Benjamin’s interest vanished, replaced by contempt. “You see? He sells hot water bottles. And ointments for babies’ nappy rash. It’s so pedestrian. There’s nothing less interesting.”

“So what do you want to be?”

He paused. “I want to live a life of travel and adventure and service to my country.”

“You want to be a soldier?”

He seemed embarrassed to have said so much. “No.”

Then I realised. He had tailed me unseen, and thought my parents were spies. “You want to be a spy!”

He frowned. “If that was true, I couldn’t tell you.”

“I think you just did tell me.”

“Well—I’d like to work for the Secret Intelligence Service,” he admitted. “In some way. But don’t tell anyone.”

I nodded. I guessed the Secret Intelligence Service must be England’s spies. I glanced across the aisle and whispered, “I think that man in the bowler hat heard you.”

He looked quickly to see, but the man was so buried in his book that he wouldn’t have noticed if the train ran off the tracks. Benjamin smiled, relieved. He looked down at his shoes. “It’s just that I’ve never told anyone,” he said.

A garbled voice came over the loudspeakers, announcing Hammersmith Station, and the train started to slow.

“This is my stop,” I said, getting up. I hated to do it. It was the first time in England that I’d felt so happy and comfortable, and I didn’t want to get off the train. Benjamin followed, and we stood facing each other on the platform as people streamed around us. Benjamin’s dark eyes were actually a warm brown, with bright flecks of copper in them, like the scattering of freckles across his nose.

I glanced away, unsettled, and tried to think what to say. It didn’t seem right to invite him to the studio, and my parents would tease me if I showed up with a boy. Across the platform, the train going the other direction pulled in.

“I should go,” Benjamin said. “I still have deliveries to make.”
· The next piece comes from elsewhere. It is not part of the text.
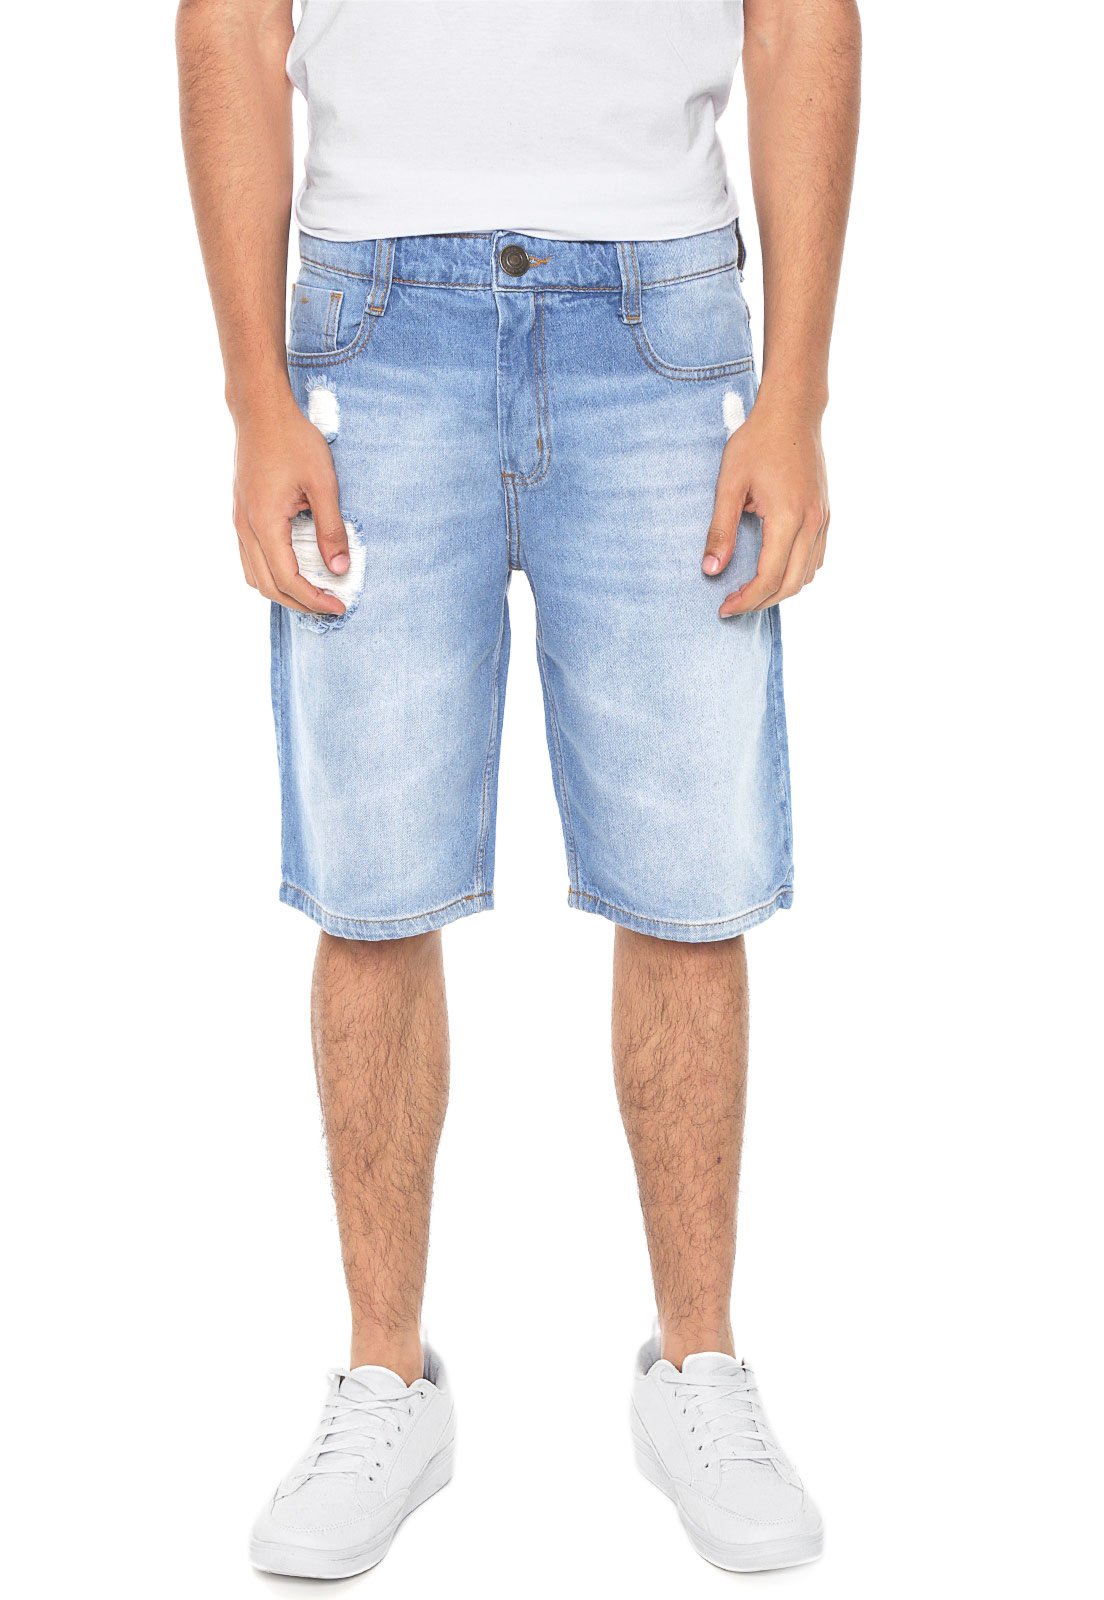 bermuda jeans masculina hering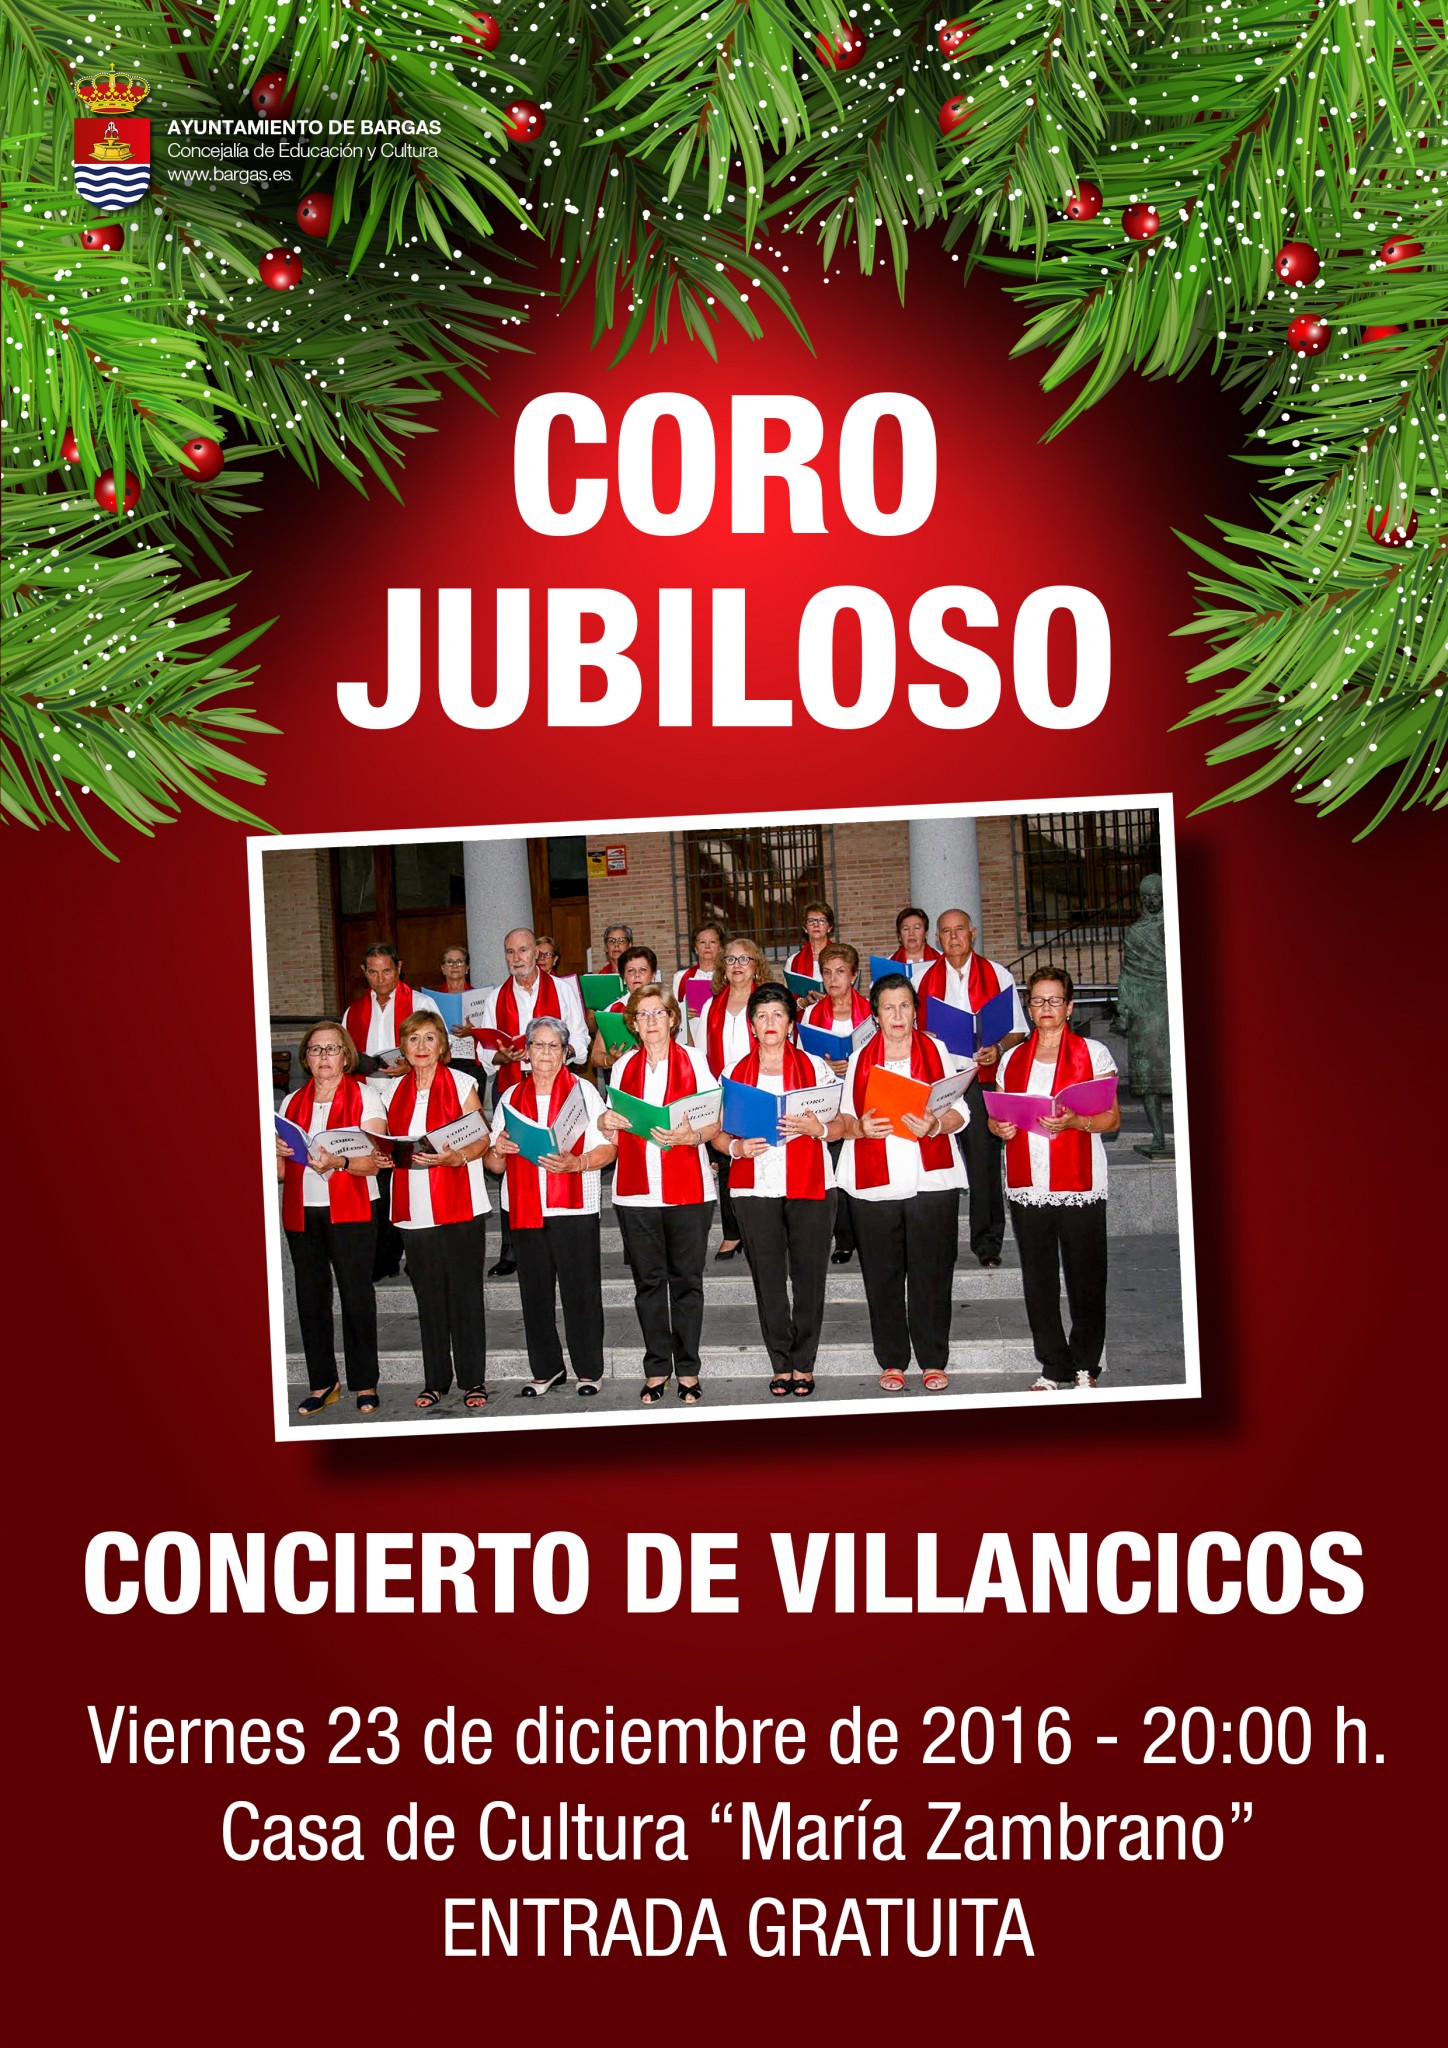 Concierto de Villancicos – Coro Jubiloso

“Thanks for keeping me company.”

“Listen,” he said. “What are you doing Saturday?”

“I’m not sure.”

“Meet me on the steps of the school at two and I’ll show you Hyde Park.”

“I’ll have to ask.”

“Look, if your parents let you take the Underground alone, they’ll let you go to Hyde Park.” His return train was about to leave.

“Okay,” I said.

“Terrific!” He started across the platform.

I walked away, thinking dizzily that I had a date, when I heard Benjamin’s voice say, “Janie, wait!”

I turned, wondering what I would do if he tried to kiss me.

“I forgot to ask,” he said. “Do you play chess?”